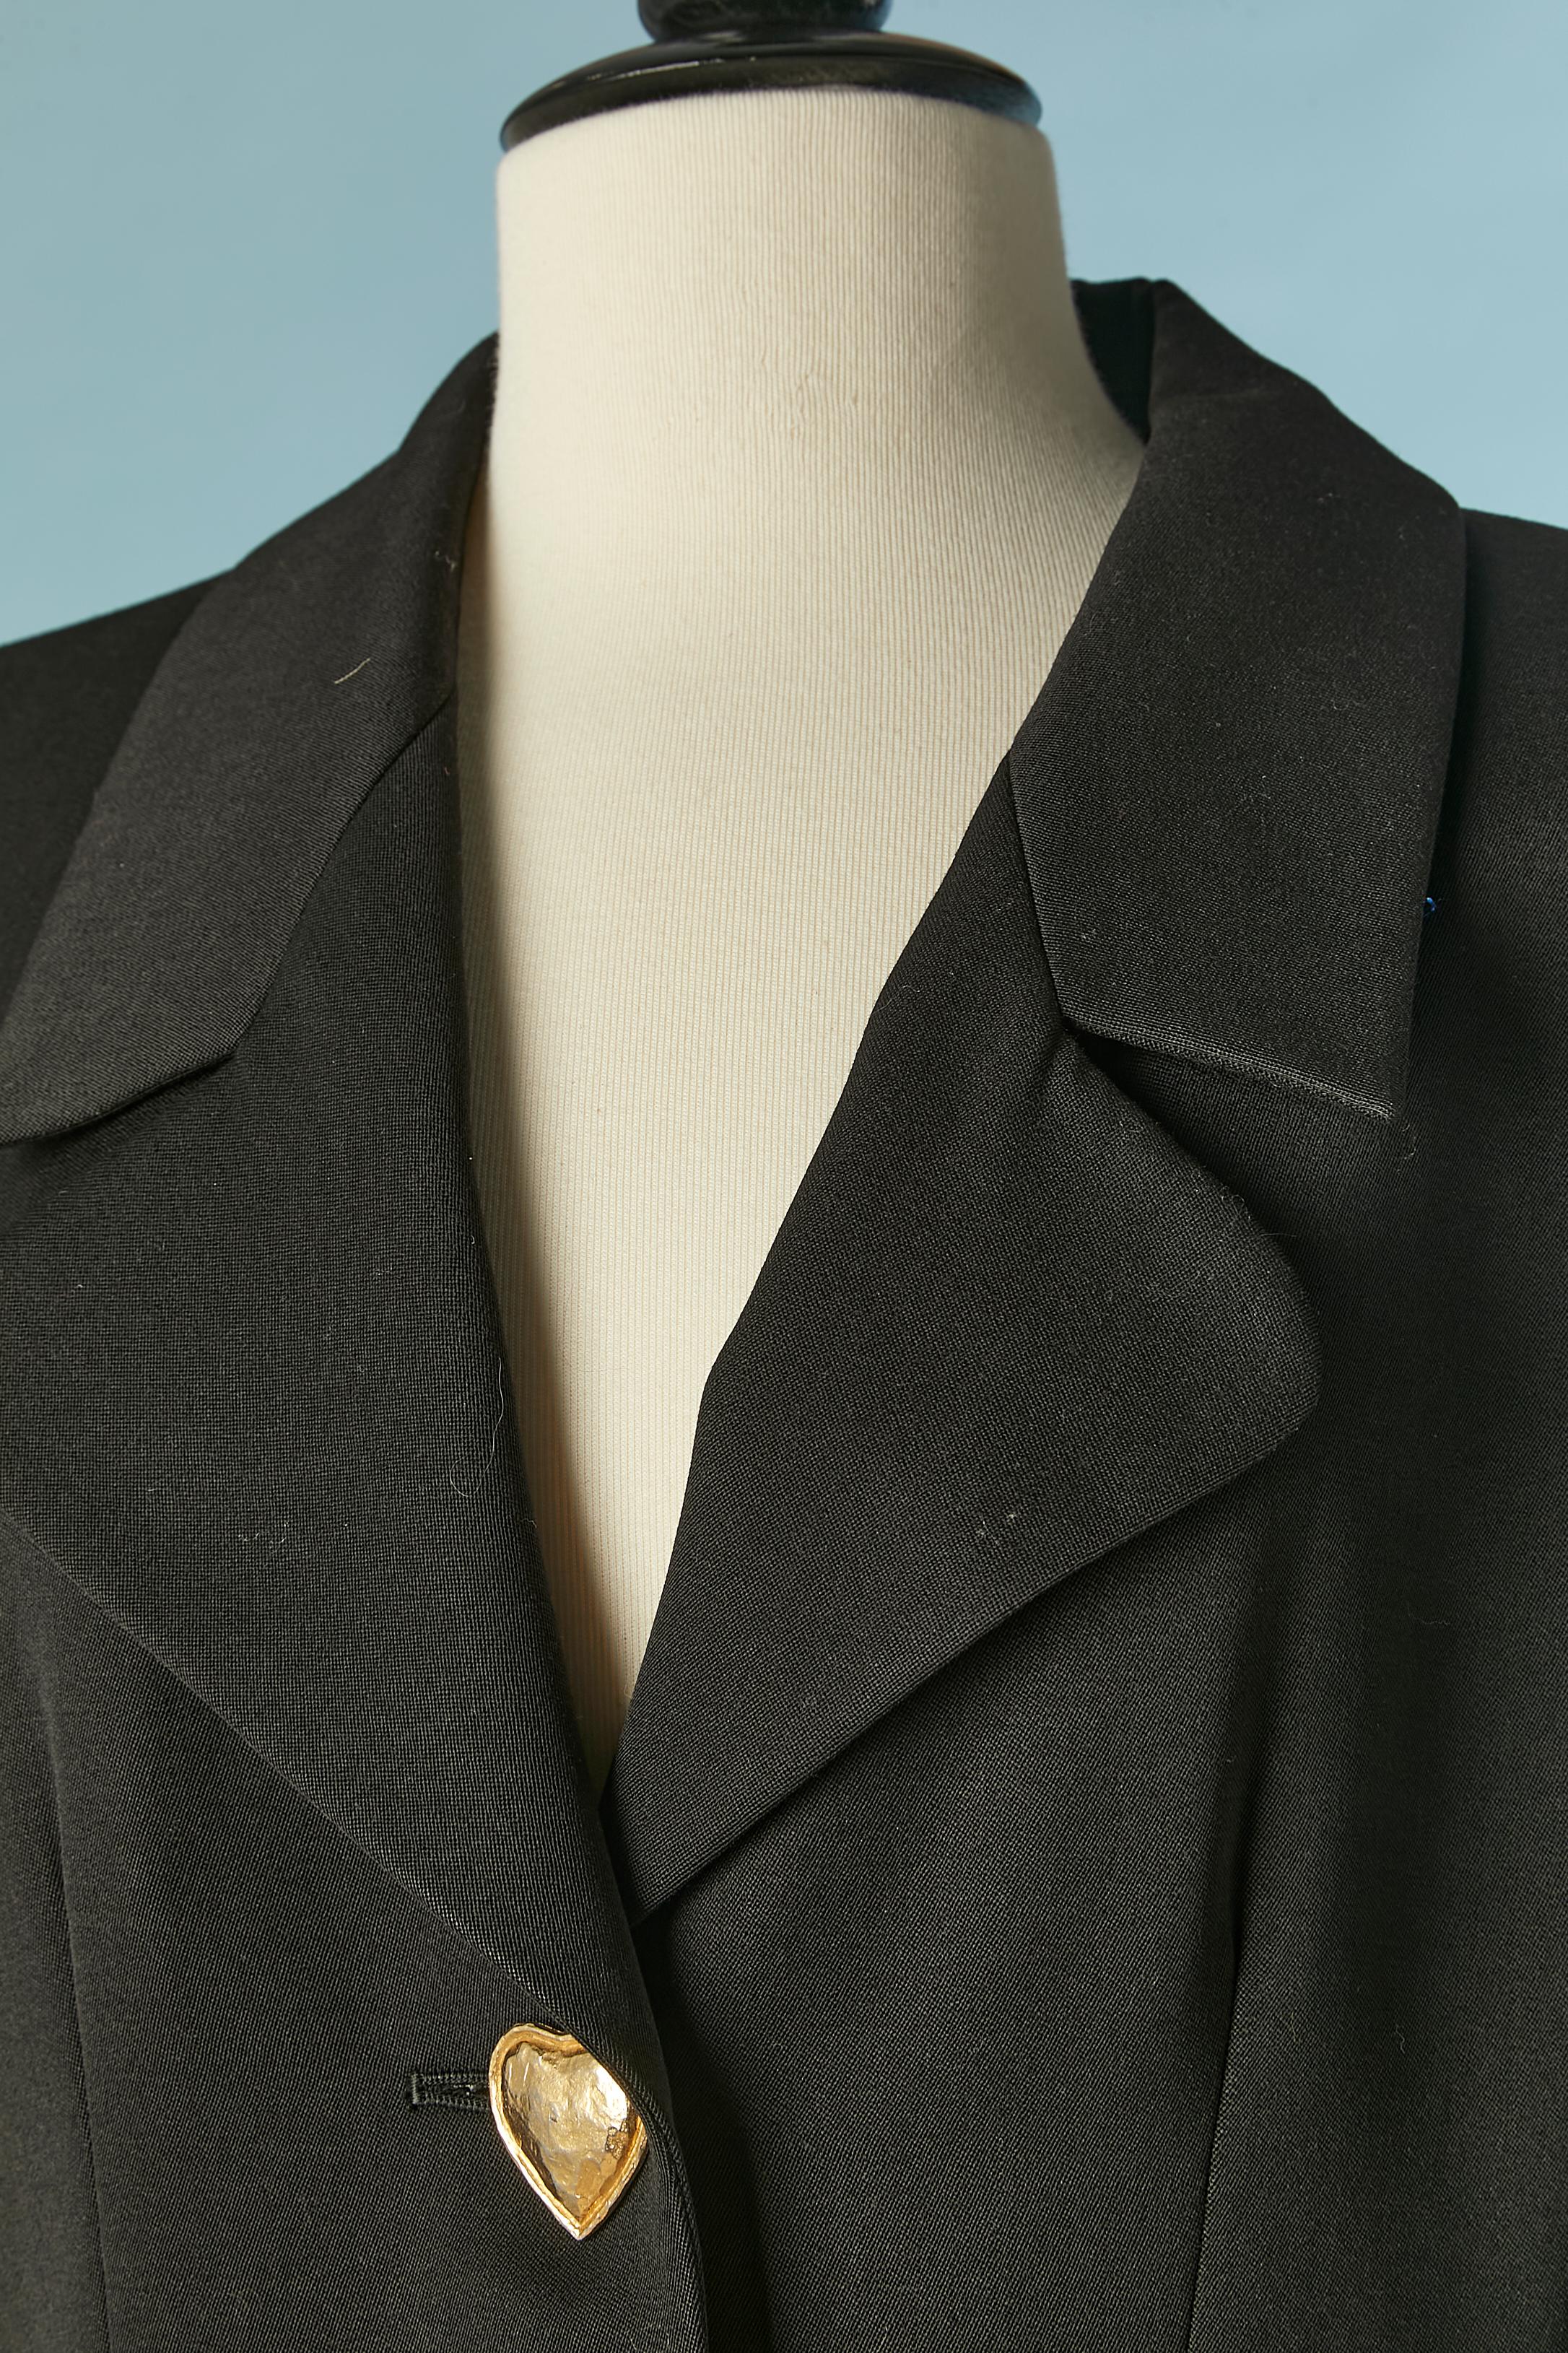 Schwarze einreihige Jacke mit goldenen Herzknöpfen. Hauptstoff: Wolle. Futter: Acetat und Viskose
SIZE 40(Fr) 8 (Us) M 
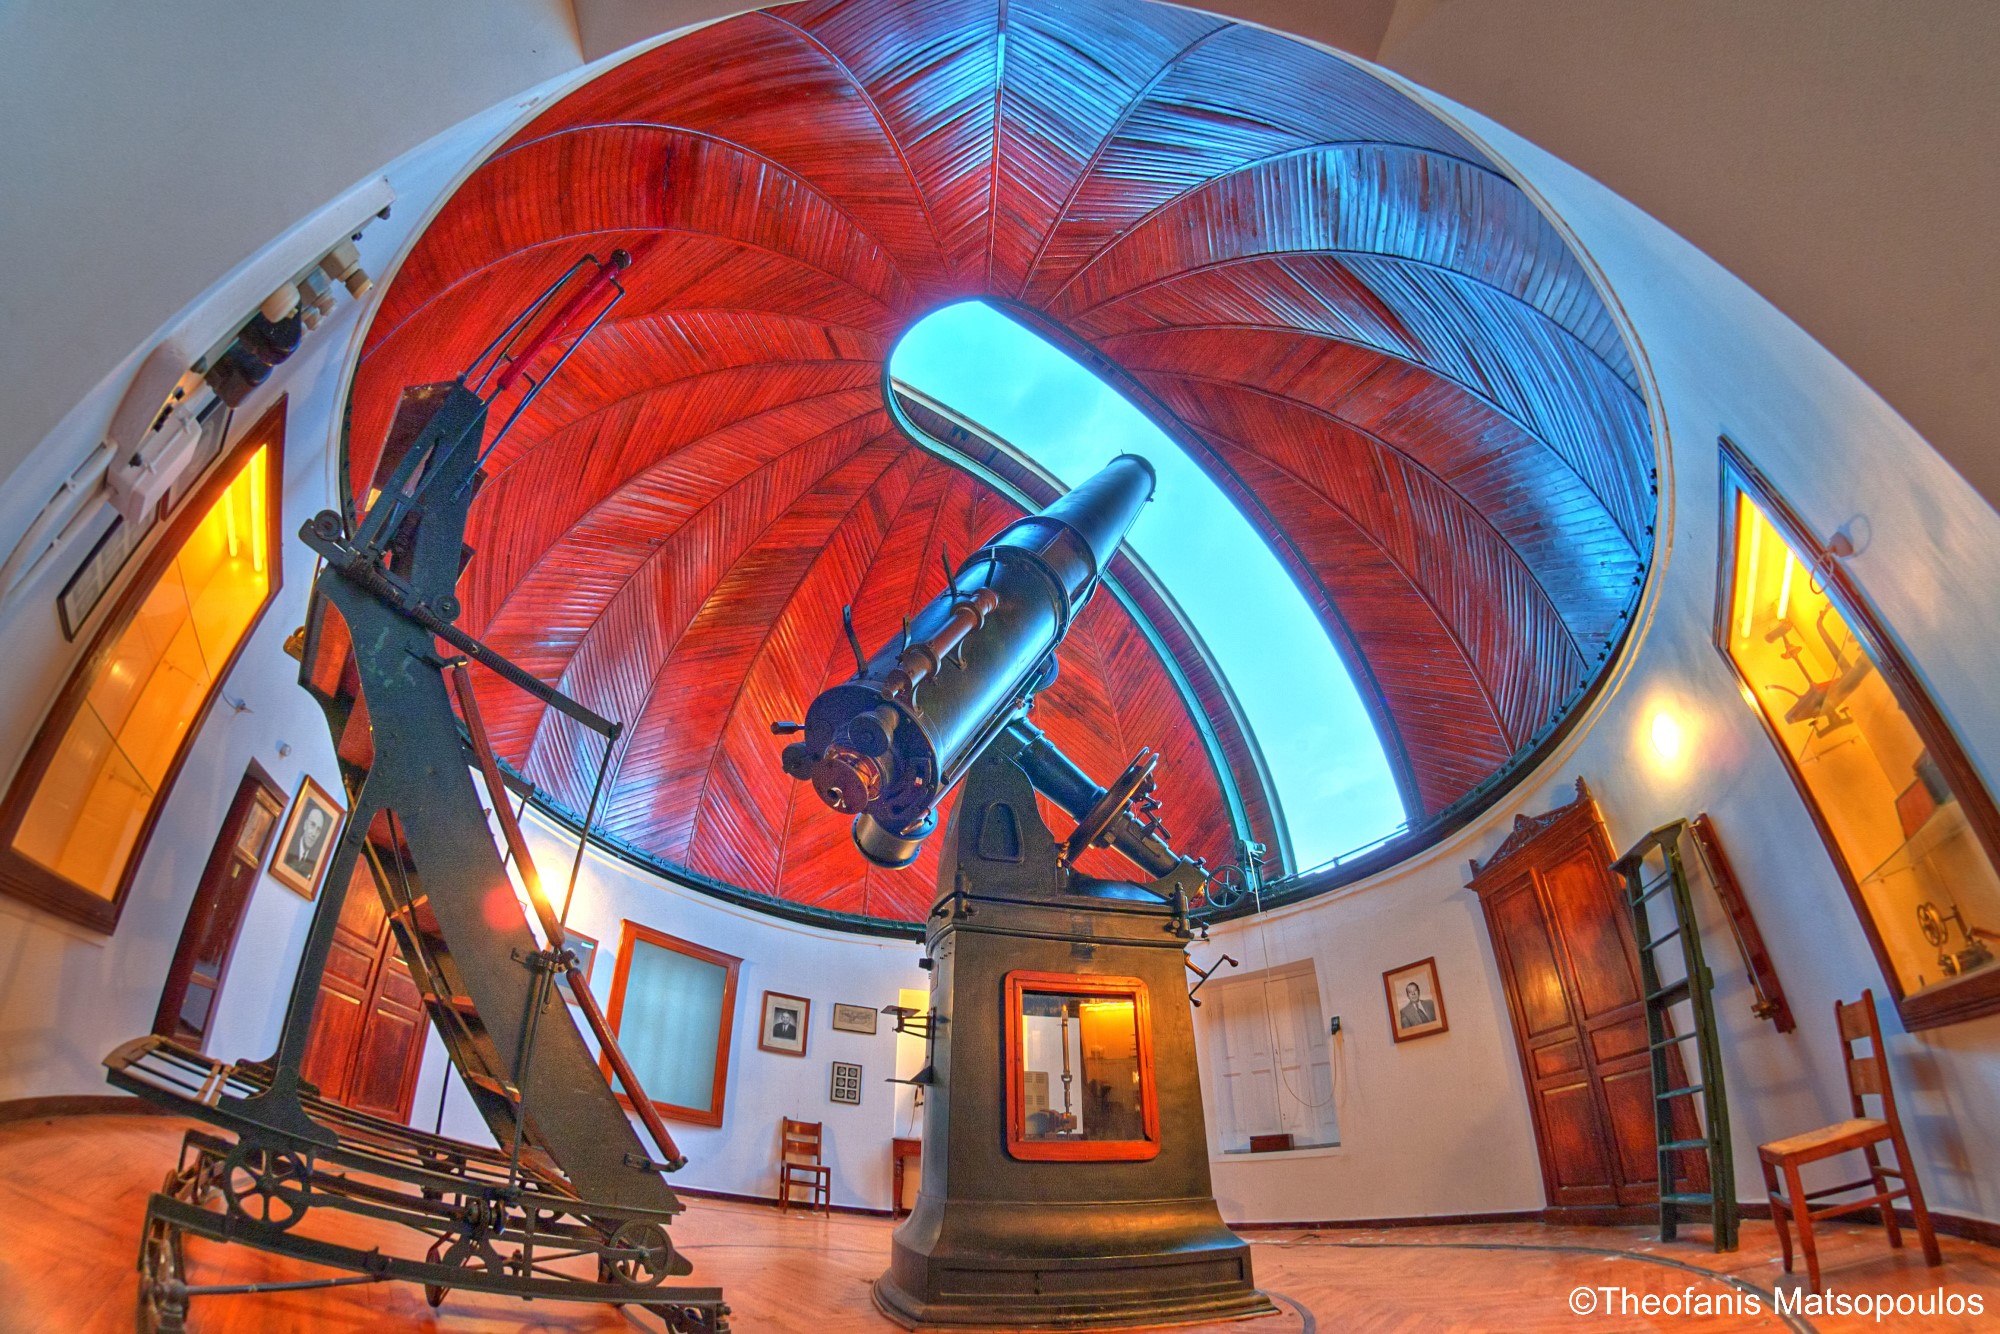 Iστορικό τηλεσκόπιο ξαναλειτουργεί στο Εθνικό Αστεροσκοπείο Αθηνών, με την υποστήριξη του ΟΤΕ και της COSMOTE
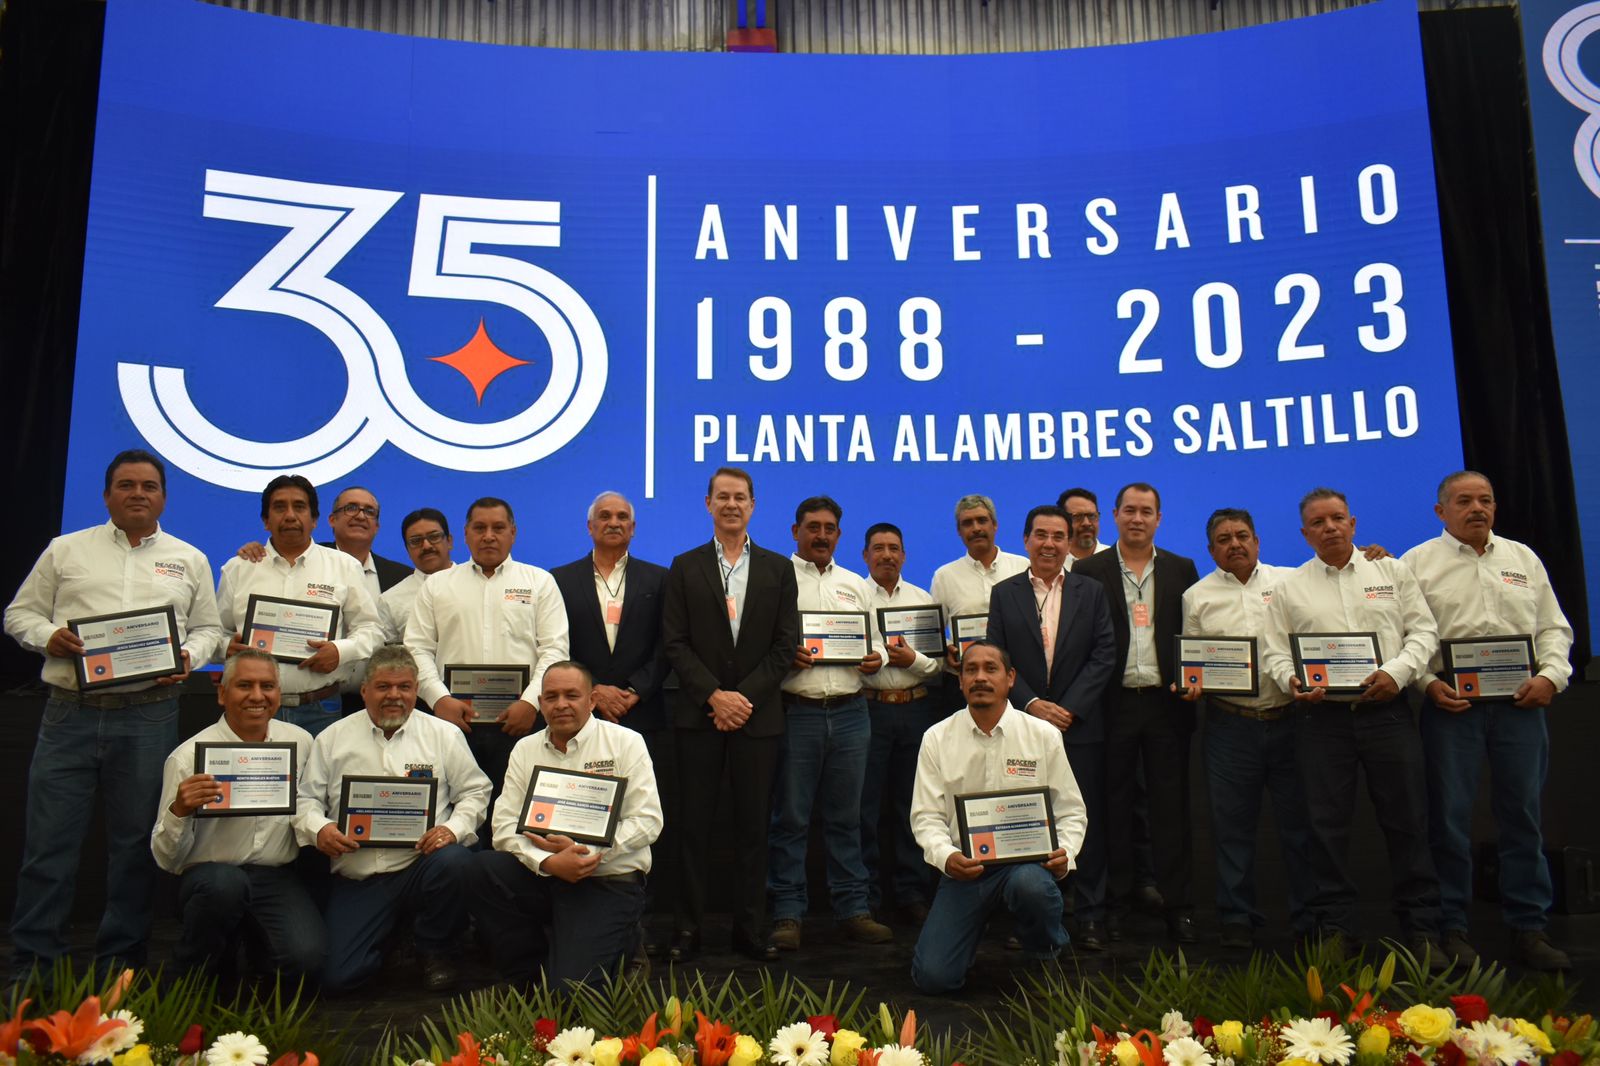 Grupo DEACERO celebra el 35 aniversario de la Planta de Alambres Saltillo

_ _ _ _ _

■ Goal of the exercise ■
Leaving every image behind, repeat the data in full and exactly.

■ Answer box ■
 Schwarze einreihige Jacke mit goldenen Herzknöpfen. Hauptstoff: Wolle. Futter: Acetat und Viskose
SIZE 40(Fr) 8 (Us) M 
 Iστορικό τηλεσκόπιο ξαναλειτουργεί στο Εθνικό Αστεροσκοπείο Αθηνών, με την υποστήριξη του ΟΤΕ και της COSMOTE
 Grupo DEACERO celebra el 35 aniversario de la Planta de Alambres Saltillo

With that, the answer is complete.